Report

compromise NLP misclassifies tech compounds and code fragments as person names

48d572ba-4dbb-4862-a3fe-98da96ab6b8d

Using the compromise NLP library's .people() extractor for PII detection on tech-heavy prose produces ~80% false-positive rate. The library returns multi-word strings as "person names" that are actually:

  • Tech compound names: "Claude Code", "Claude Desktop", "Claude Code Ollama", "OpenAI Platform"
  • Punctuation-contaminated extractions: "(Claude Code,", "Claude Code-", "Claude Haiku)"
  • CamelCase code identifiers misread as proper names: "Skip PageRank", "PageRank"
  • Verb-plus-noun fragments: "mark Pattern", "grant row"
  • Code fragments with operators: "len +", "len ="

Single-token allowlists like tech_terms.has(name.toLowerCase()) don't help because compromise returns the multi-token string verbatim, not split into tokens. So "Claude Code" is checked against the allowlist as a single key, doesn't match (only "claude" is in the allowlist), and gets flagged as a person.

In a 621-row prod dataset of engineering knowledge reports, this produced 215 medium-severity findings, of which ~120 were these false positives. Two compounding issues in the NER scanner's filter logic:

  1. Single-token allowlist insufficient: compromise .people().out('array') returns the WHOLE matched phrase ("Claude Code") rather than separate tokens. An allowlist of single tech terms ("claude", "openai", etc.) only matches exact single-word inputs.

  2. No proper-name shape check: compromise is permissive about what counts as a "person" — it labels CamelCase identifiers, lowercase verb phrases, and punctuation-bracketed fragments as people. A proper-name shape check (every token starts with capital, rest lowercase letters/apostrophe/hyphen) catches these.

  3. No code-fragment rejection: NER ran on prose AFTER code-fence stripping, but inline backtick-less code references ("len +", "len =") survived as prose and got matched.

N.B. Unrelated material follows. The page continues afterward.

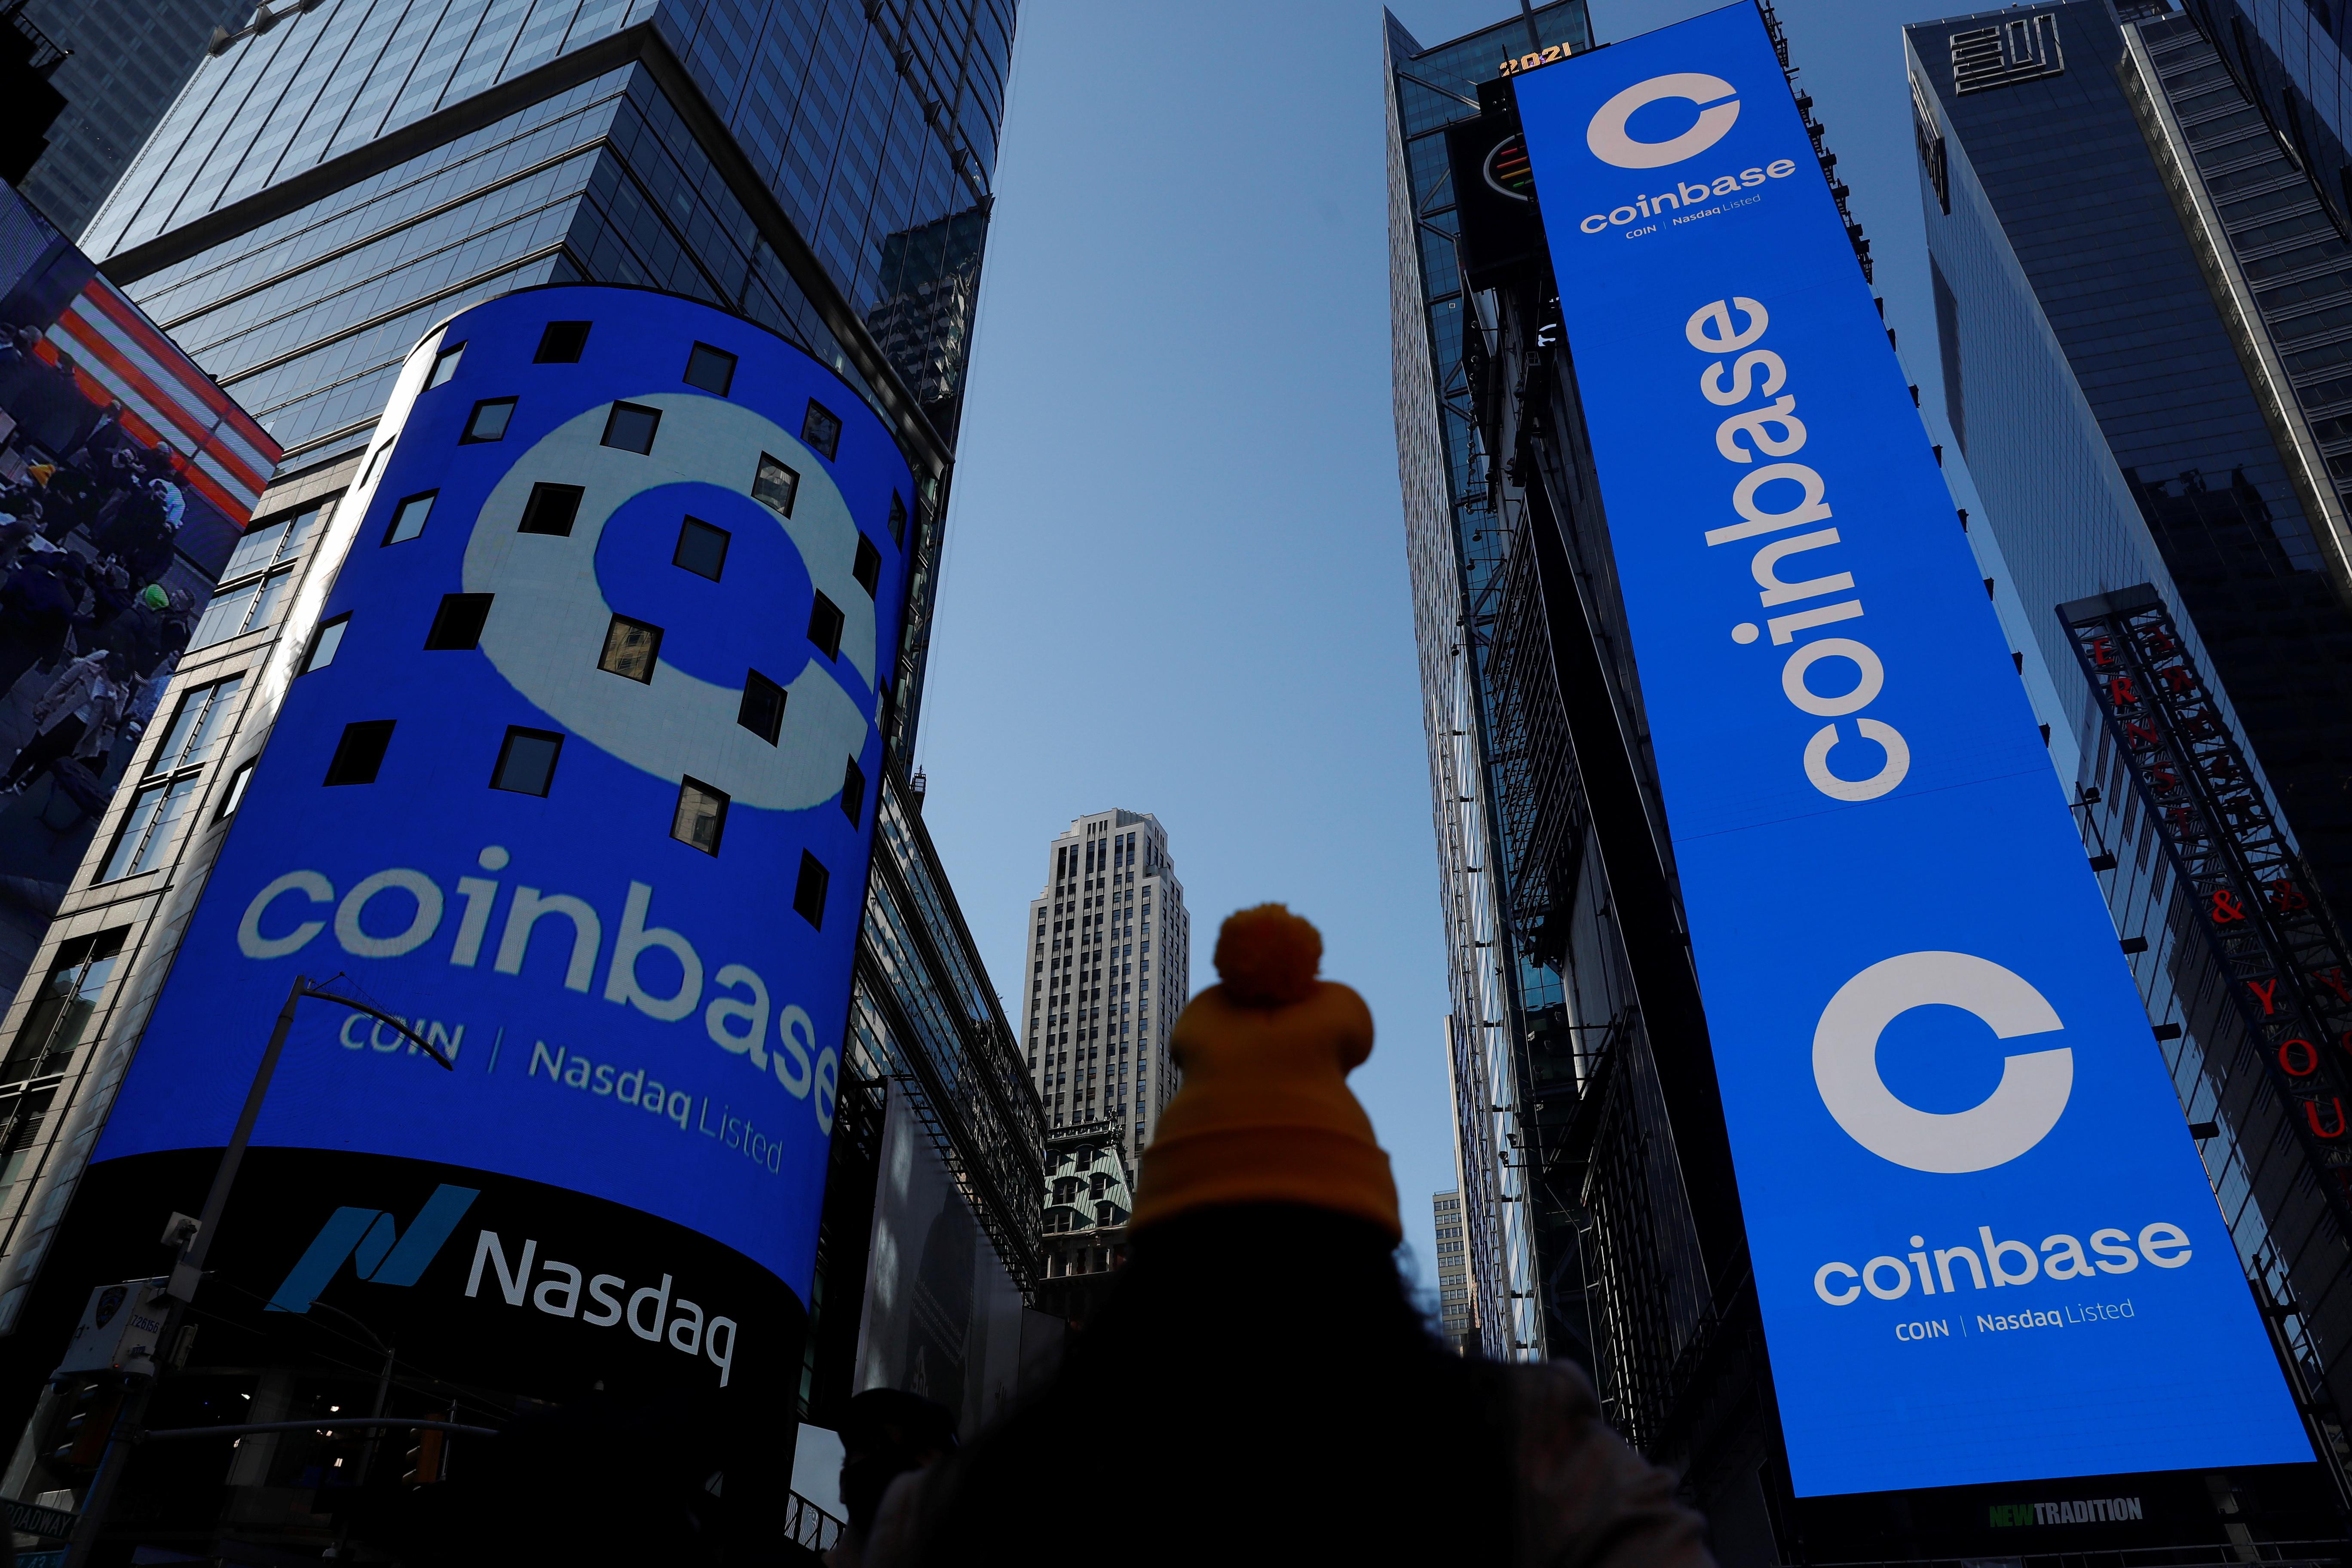 El logotipo de Coinbase en las pantallas de la sede del Nasdaq.

Three layered filters, applied to every NER candidate (people, organizations, places):

function stripWrappingPunct(name: string): string {
  return name.trim().replace(/^[^A-Za-z]+/, '').replace(/[^A-Za-z']+$/, '')
}

// (1) Multi-token tech-term check — any token in allowlist marks
// the whole phrase as a tech compound.
function isTechTerm(name: string): boolean {
  const cleaned = stripWrappingPunct(name).toLowerCase()
  if (TECH_TERM_ALLOWLIST.has(cleaned)) return true
  const tokens = cleaned.split(/[\s\-]+/).filter(Boolean)
  return tokens.length > 1 && tokens.some((t) => TECH_TERM_ALLOWLIST.has(t))
}

// (2) Code-fragment rejection — programming punctuation or digits.
function looksLikeCodeOrFragment(name: string): boolean {
  const t = name.trim()
  if (/[=+(){}[\]<>;:|*&^%$#@!?\\\/`~"]/.test(t)) return true
  if (/\d/.test(t)) return true
  return false
}

// (3) Proper-name shape — Latin name tokens only.
function looksLikeProperName(name: string): boolean {
  const cleaned = stripWrappingPunct(name)
  if (cleaned.length < 2) return false
  const TOKEN = /^[A-Z](?:[a-z']*)(?:-[A-Z]?[a-z']+)?$/
  return cleaned.split(/\s+/).every((t) => TOKEN.test(t))
}

// In scanNer():
for (const name of dedupe(people)) {
  if (isTechTerm(name)) continue
  if (looksLikeCodeOrFragment(name)) continue
  if (!looksLikeProperName(name)) continue
  // ... emit finding ...
}

Real names ("John Smith", "Maria Garcia", "Mary-Anne Lopez") still flag. Tech compounds ("OpenAI Platform", "Google Cloud") and code fragments ("len +", "mark Pattern") no longer flag.